Now, allow me to disabuse you.  I don't think you're a "terrible, prejudiced bigot".  I believe that you're a self-satisfied arse who occasionally has trouble distinguishing between being criticised and being abused, wholly on the basis that you're unable to separate them in your own posts.

Now please fuck off with telling me what I want to believe, there's a good chap.


----------



## Dexter Deadwood (Feb 24, 2014)




----------



## teuchter (Feb 24, 2014)

ViolentPanda said:


> Thanks for telling me what I want to believe.
> Now, allow me to disabuse you.  I don't think you're a "terrible, prejudiced bigot".



Why, then, did you so enthusiastically agree with el-ahrairah's theory which supposed that the reason behind my classification of some posters as "not-sures" was to do with my confusion and surprise that they are not "the semi-literate numbskulls the WC are meant to be"?


----------



## editor (Feb 24, 2014)

Christ, this is tedious.


----------



## Onket (Feb 24, 2014)

editor said:


> Christ, this is tedious.


Perhaps remove 'general chat' from the thread title?


----------



## Onket (Feb 24, 2014)

Anyway, here's 'U75 The Stageshow' with Corbett playing Dexter Deadwood, Barker playing teuchter and Cleese playing Dan U (the fucking toff).


----------



## editor (Feb 24, 2014)

Onket said:


> Perhaps remove 'general chat' from the thread title?
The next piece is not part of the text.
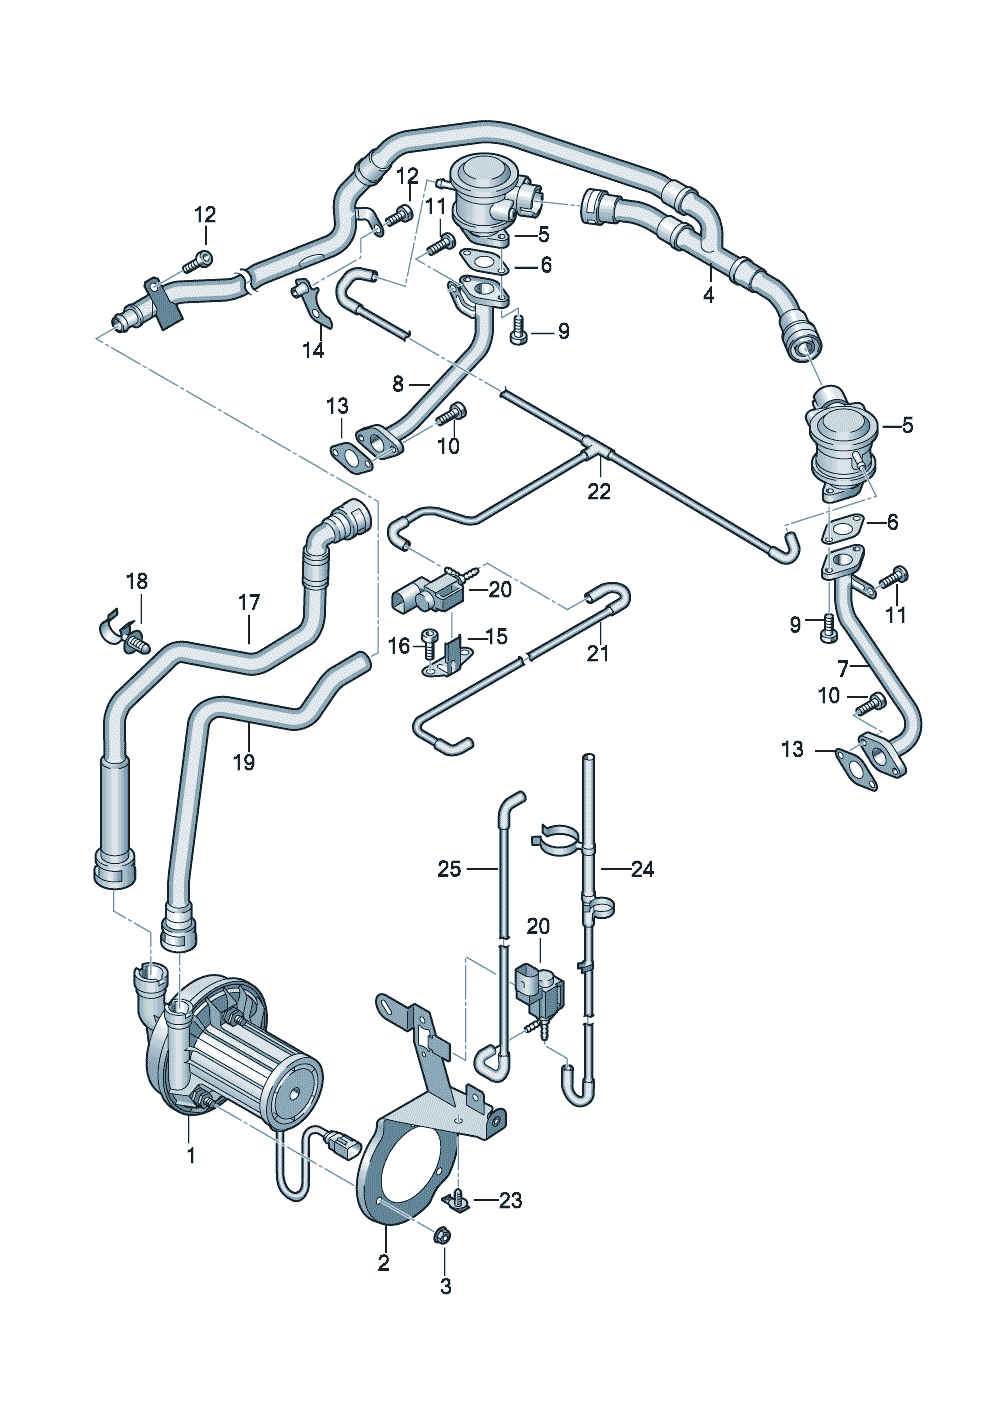 Secondary air pumpSecondary air valve 4.2 Ltr. - Audi RS4 Cabriolet qu. - rs4c
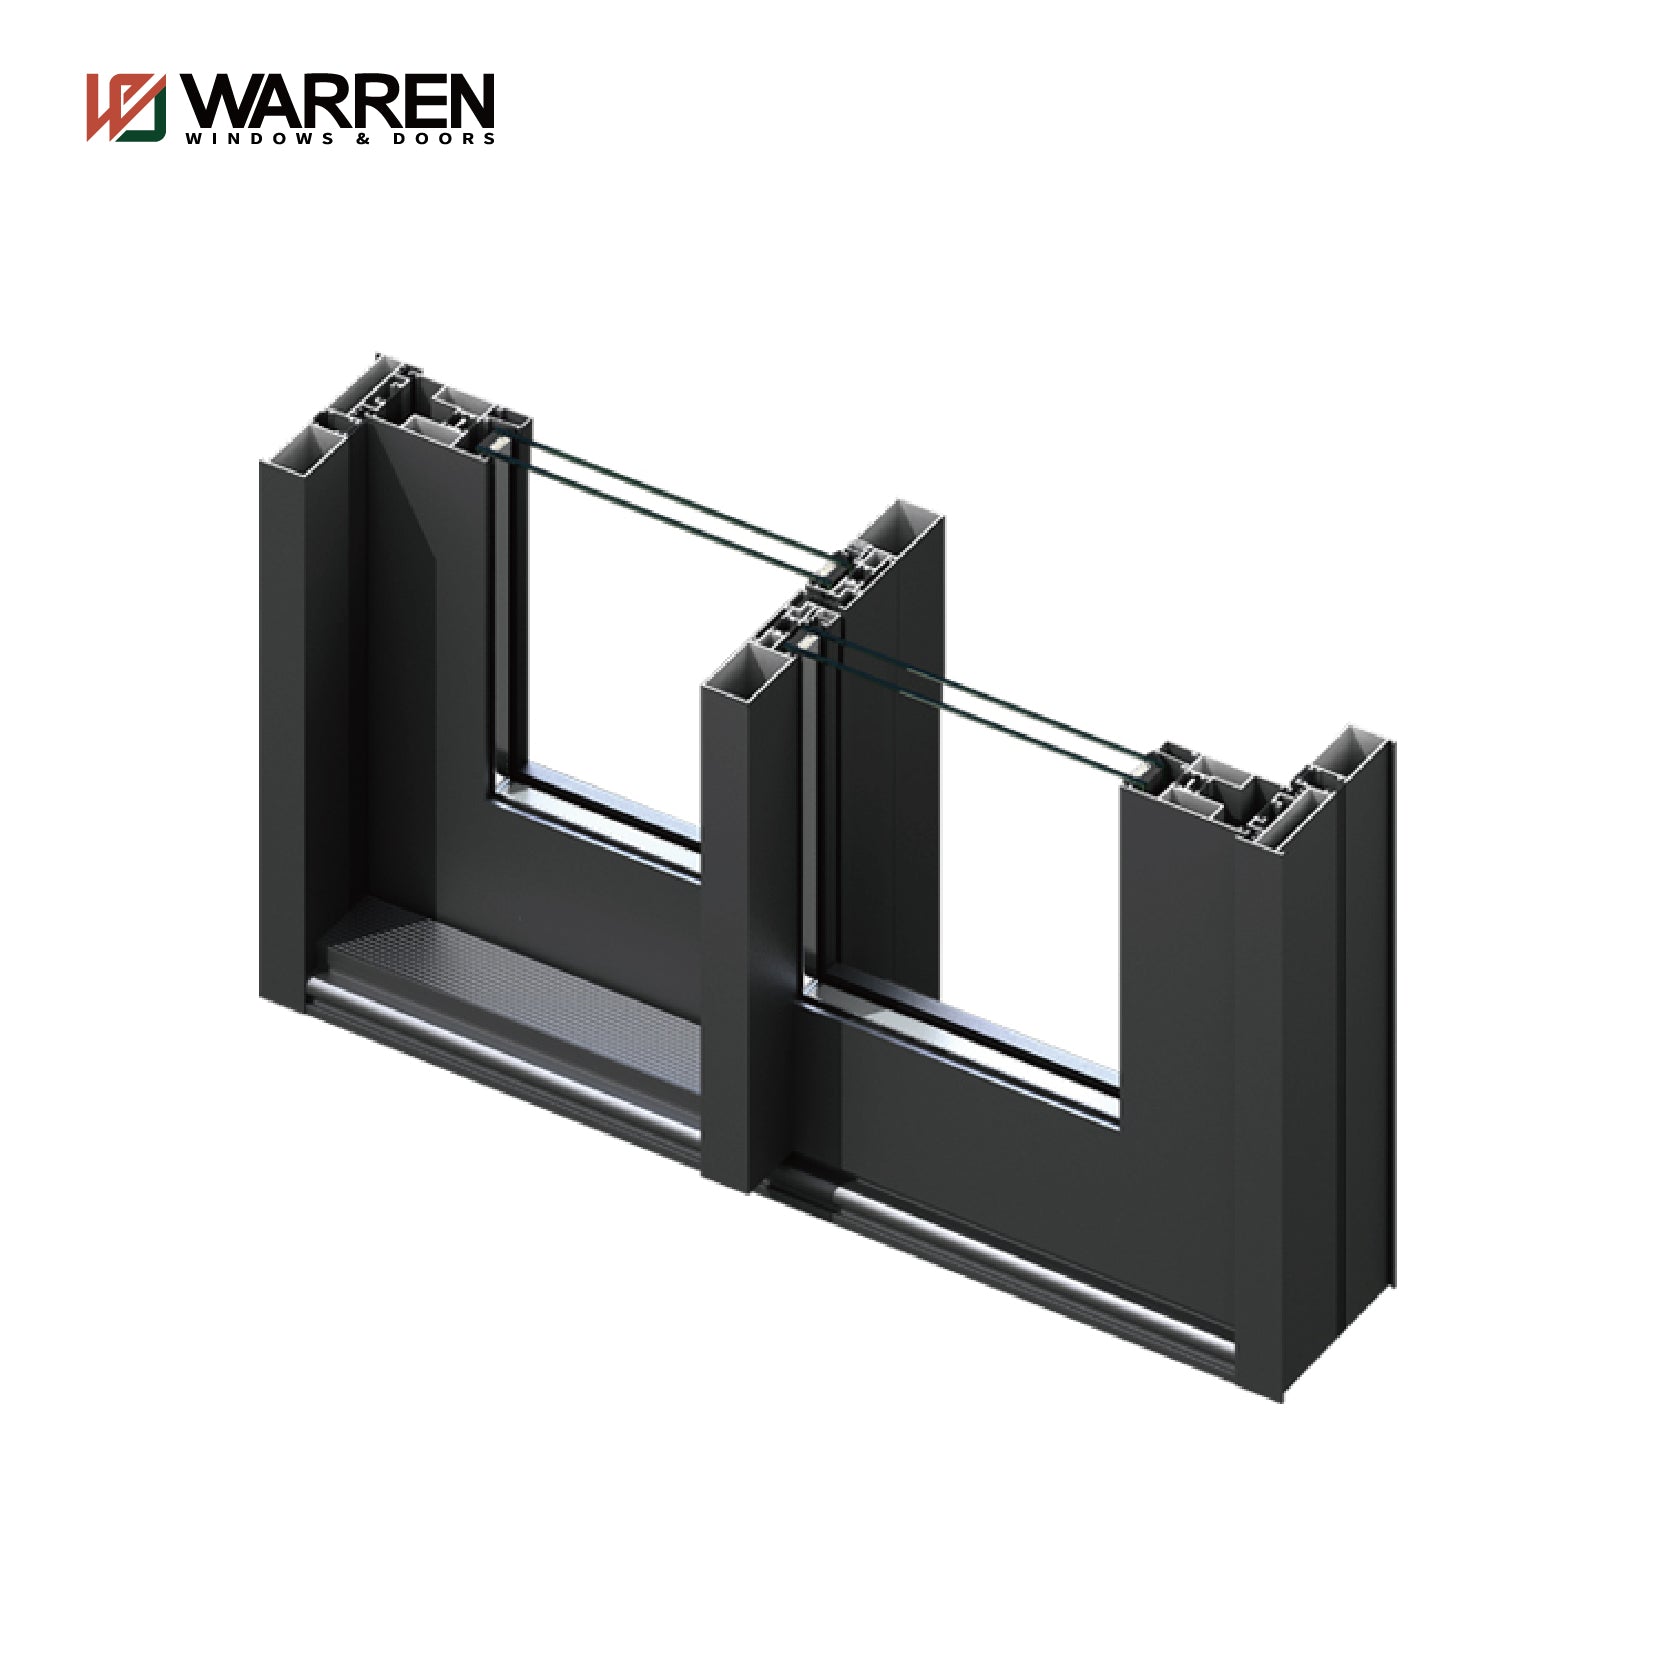 Warren Factory Sale Lift And Sliding Doors Superhouse Aluminium Frame Doors Used For Modern Sunroom

That doesn't even make any sense in relation to my comment. Oh well. I'm sure you thought it was still a dreadfully sharp post.


----------



## teuchter (Feb 24, 2014)

editor said:


> That doesn't even make any sense in relation to my comment. Oh well. I'm sure you thought it was still a dreadfully sharp post.


Christ, this is tedious.


----------



## Onket (Feb 24, 2014)

editor said:


> That doesn't even make any sense in relation to my comment. Oh well. I'm sure you thought it was still a dreadfully sharp post.


I was lightheartedly giving you an 'out'.

You know, having a bit of fun. I'm sure you can remember how to do that.


----------



## el-ahrairah (Feb 24, 2014)

teuchter said:


> Why, then, did you so enthusiastically agree with el-ahrairah's theory which supposed that the reason behind my classification of some posters as "not-sures" was to do with my confusion and surprise that they are not "the semi-literate numbskulls the WC are meant to be"?



perhaps you'd like to explain what the tells of class are, as based on someone's posts, and how you decided whether a poster was MC, WC, or you were unable to say?


----------



## editor (Feb 24, 2014)

In some actual Brixton news, the Clink Restaurant at Brixton Prison is taking bookings and officially opens to the public on Thursday.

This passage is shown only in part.